Наполеон: Жизнь после смерти - Эдвард Радзинский
Шрифт:
Интервал:
Закладка:
По моему приказу расстреляли шестерых солдат, ограбивших местную церковь и несколько домов. И я мог написать в своей прокламации: «Народы Италии! Франция идет к вам на помощь! Мы клянемся уважать вашу религию, обычаи и вашу собственность. Мы ведем войну только с вашими угнетателями!»
Великое было время! Я был тогда двужильный… молодой, как и моя армия. Я мог есть гвозди и вообще не спать… Уже потом, в России… когда я с трудом смогу мочиться и сидеть на коне… я пойму, какое же это счастье — быть молодым!.. Это не записывайте. Запишите только: я был тогда окружен такими же молодыми головорезами — моими генералами с весьма подозрительными биографиями. Каждого из них можно было отправить на галеры и каждый знал, за что! Мы были детьми революции, которая возносит из грязи. И все мы были сыновьями одной страны. И мы громили австрийскую армию, состоявшую из наемников и стариков-генералов. Запомните: гений озаряет молодых… Александр Македонский, Ганнибал, Аттила были моими сверстниками и даже моложе… Я каждый день укорял себя: «Тебе целых двадцать шесть! А ты только начинаешь…» И я был беспощаден к себе — шел в самое пекло боя впереди моих солдат! Я знал — если рожден для бессмертия, судьба защитит! И это бесстрашие подчинило и солдат, и генералов. Они повиновались мне беспрекословно. Я повторил опыт Тулона…
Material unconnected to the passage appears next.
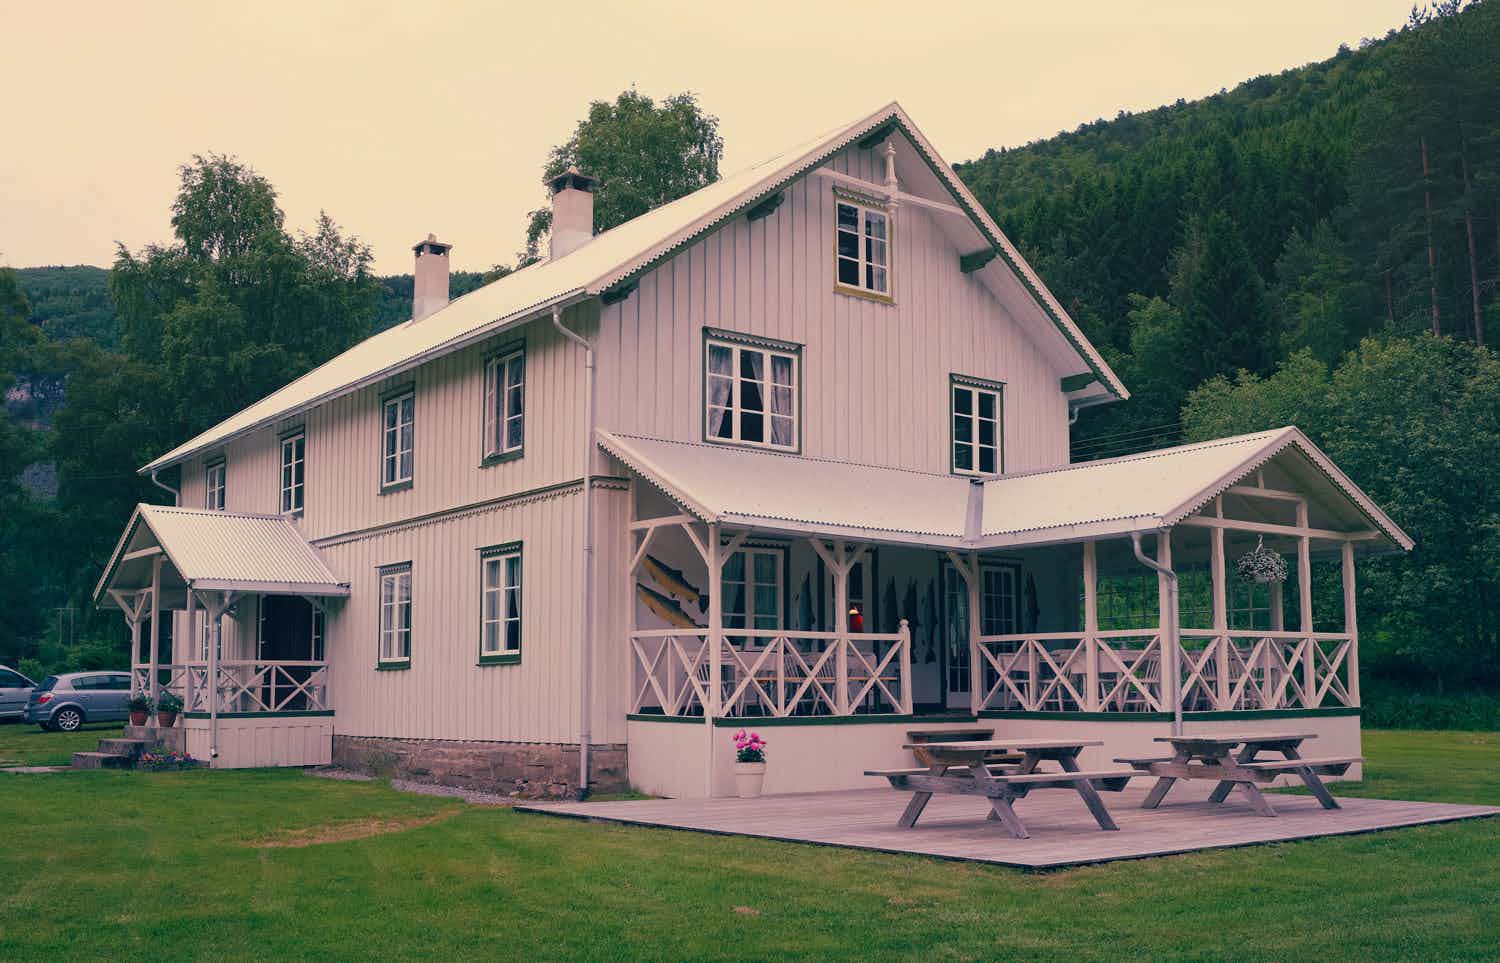 Nyheim Lodge

Десятого мая в битве при Лоди австрийцы били по мосту ядрами, но я был в гуще нападавших. Вокруг падали люди и ядра, а я был неуязвим. И мы взяли мост… И когда спустилась ночь, я вернулся на захваченный мост, заваленный трупами, и в который раз сказал себе: «Как бережет тебя судьба! Ты отмечен, и ты свершишь все, что видел в честолюбивых грезах».
И я продолжил игру со смертью при Арколе. Там был тот же кромешный ад… Наши попытки захватить мост были тщетны. Гора трупов уже громоздилась на мосту. Солдатами овладело отчаяние. И тогда я повел их сам. Мармон умолял меня: «Не идите туда, вы погибнете». Он был прав, если бы речь шла о простом смертном. Но то был я… Вокруг меня опять падали люди, был убит мой адъютант Мюирон — защитил меня от пули своей грудью… А я остался невредим… Впоследствии Гро нарисовал меня со знаменем на Аркольском мосту. Хотя на самом деле я не держал знамени. Я держал шпагу. И неплохо ею поработал. И опять вышел невредимым из кромешного ада…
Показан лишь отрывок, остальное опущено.